I already admitted as much about the rants, but John Carter is pulp writing, no better. I caught up with a fair bit of it within the last year or so. Burroughs’s ability to scores points for making up an awful lot of imaginative stuff doesn’t make him any less of a hack.
Oh, I see…since it’s slaves they’re raping, that makes all the difference.
An interesting point: I consider both Burrough and Norman to be pretty good prose stylists when they wanted to be, but both had weaknesses in the area of characterization and both wrote using what are today unpopular sexual relationship models … Burroughs because he wrote with the prevailing mores a century ago, Norman deliberately choosing his own over mainstream tastes.
Sounds like there’s a thesis paper in there for some lit grad student somewhere …
In Gorean society, yes. You have to understand, Scumpup, these are made-up stories about made-up people. Nobody here is arguing for a return to real chattel slavery.
I think Frank Cho’s Dejah Thoris model linked to earlier would be about perfect in terms of clothing, or lack of it. I don’t think Pixar will follow that model, though, as much as I wish they would.
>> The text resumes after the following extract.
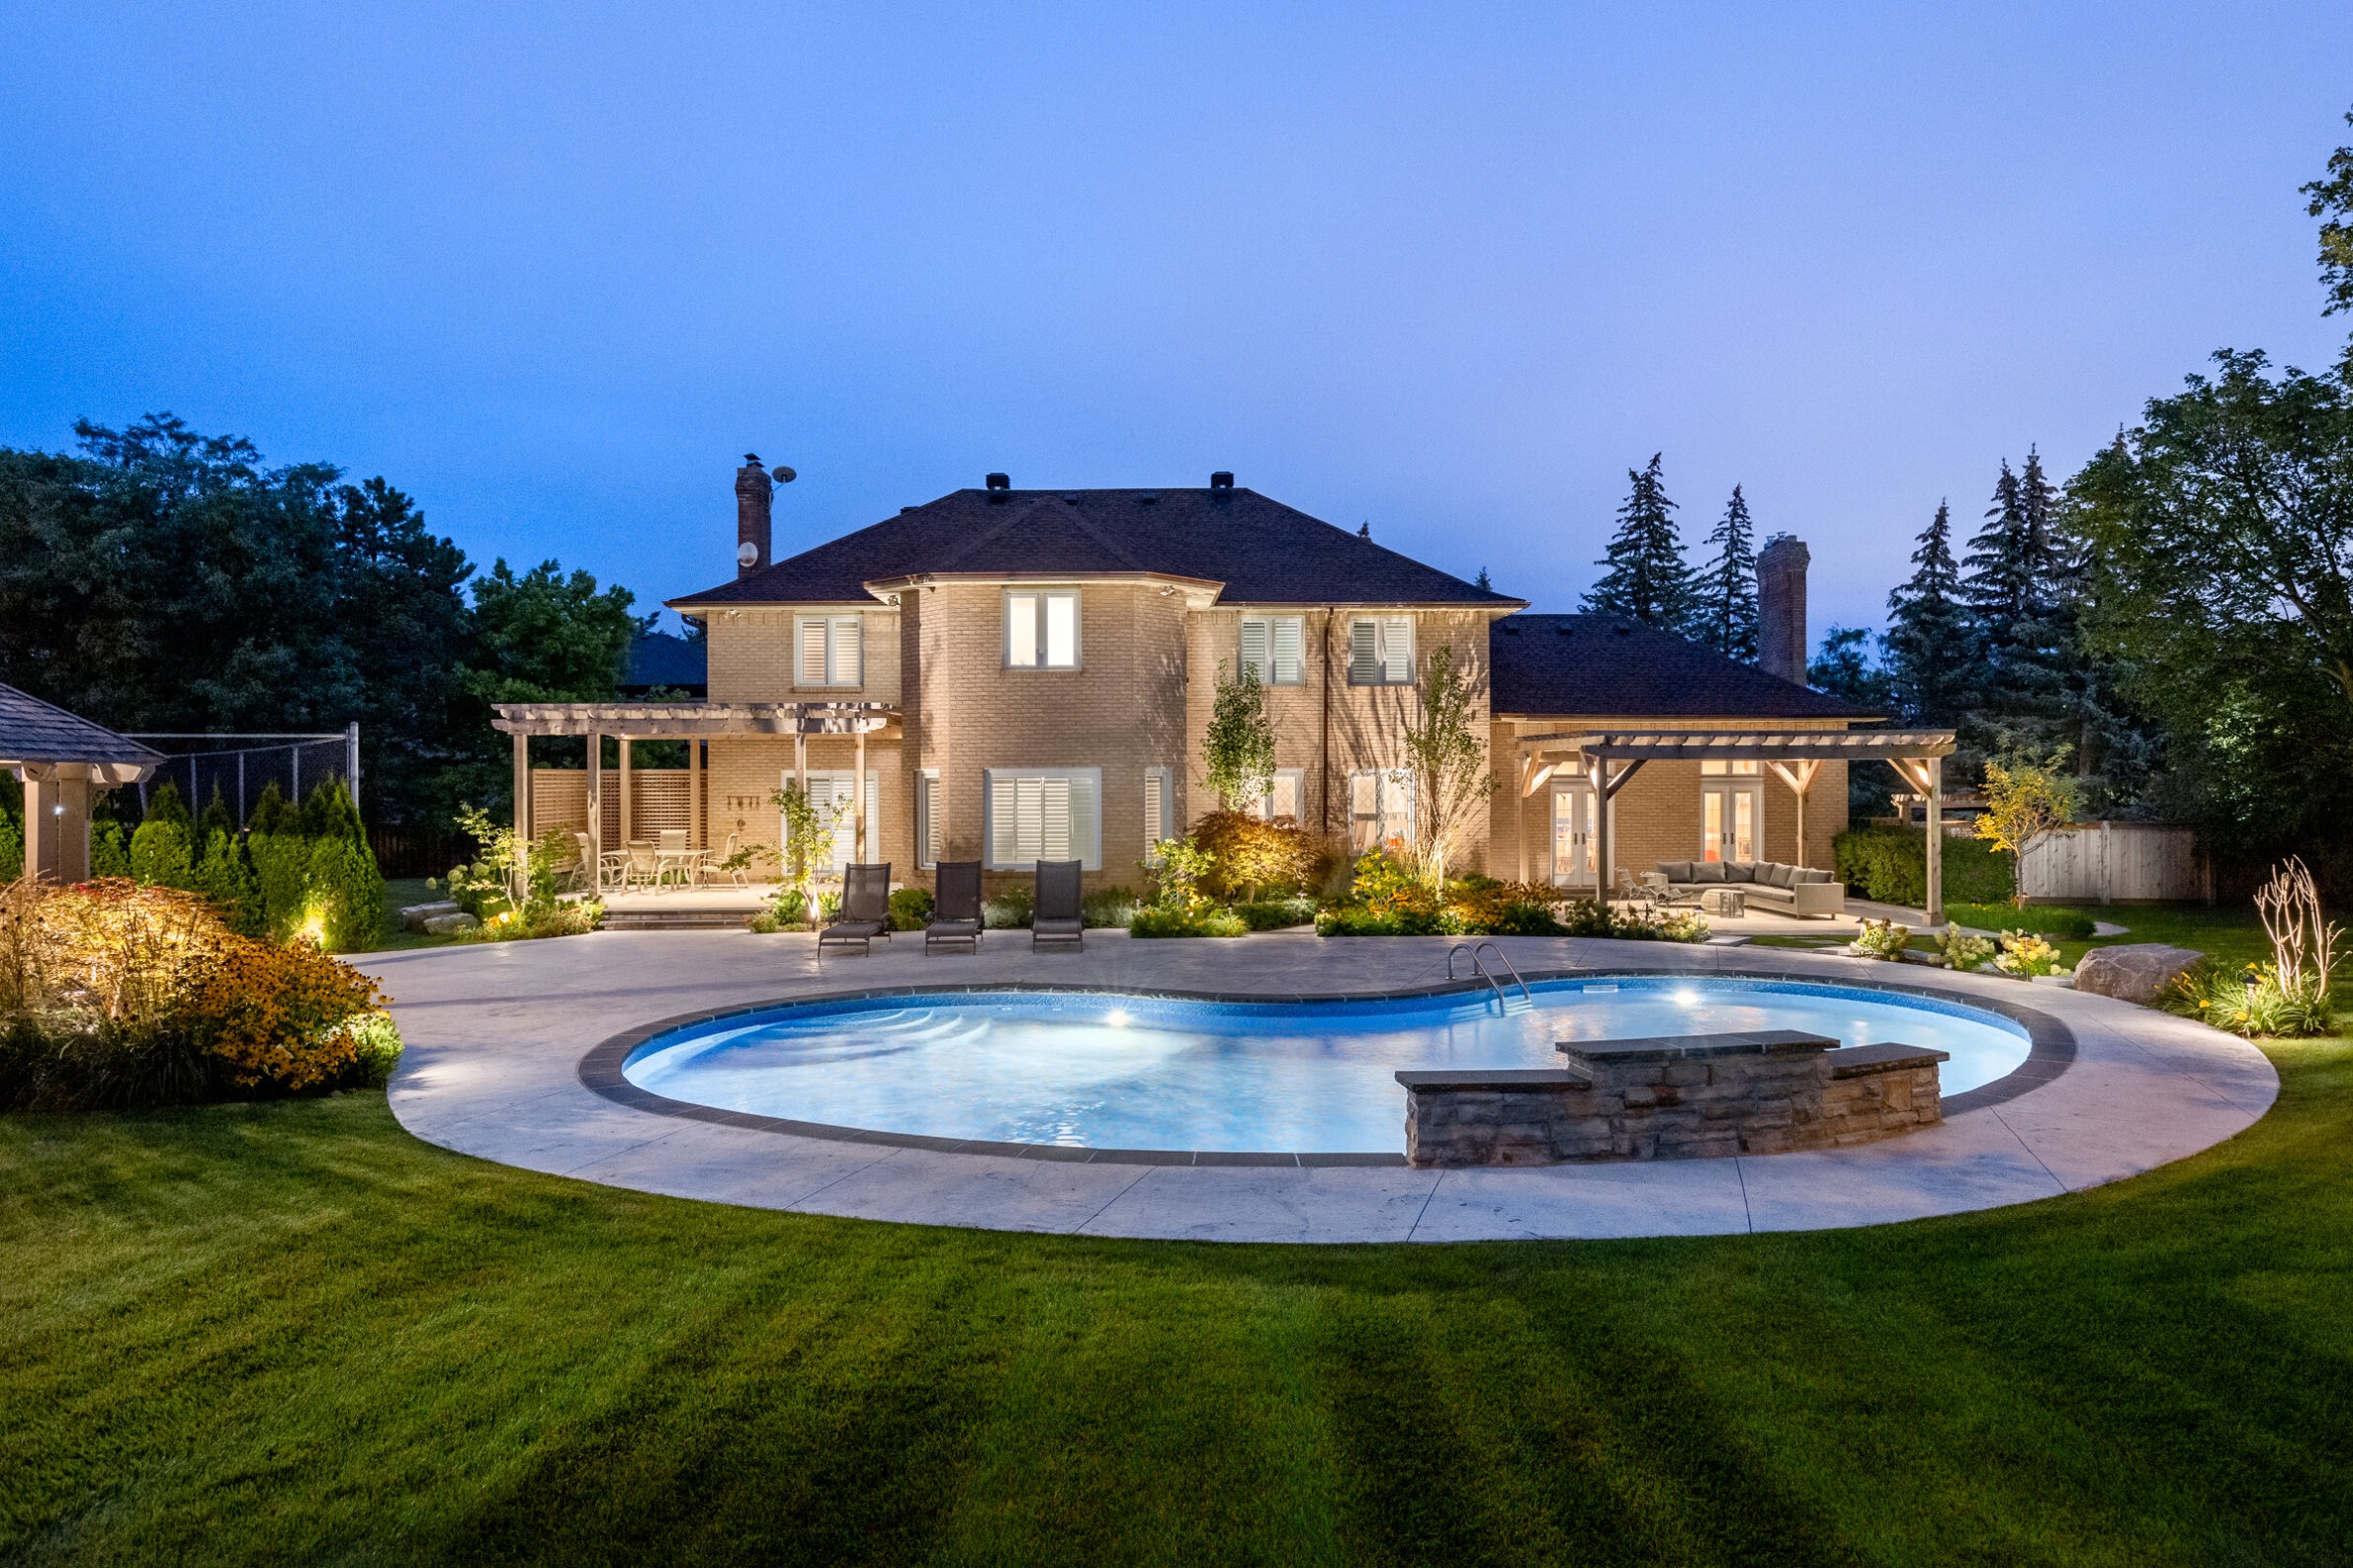 A luxurious two-story brick house at twilight with a lit swimming pool, landscaped garden, outdoor seating, and ambient lighting, set against a blue evening sky.

According to this page, when a Martian woman (apparently red or green alike) lays an egg, it is roughly the size of a goose egg. During its time in the incubator, it grows to be about two and a half feet in diameter. The page notes that ERB didn’t account for the growth. One supposes that, like our own plant kingdom, the additional mass comes mainly from gasses absorbed from the atmosphere and a relatively trivial amount of mineral material absorbed from the soil.
I’d veto Vin Diesel, but Daniel Craig would be great provided he doesn’t mind running around in a pair of metal briefs, a harness, and a cape.
Agreed. Hey, after he played with his @#$%^! toes in Casino Royale, I think he can manage a metal speedo.
I picture John Carter as looking pretty much like Daniel Day Lewis looked in The last of the Mohicans.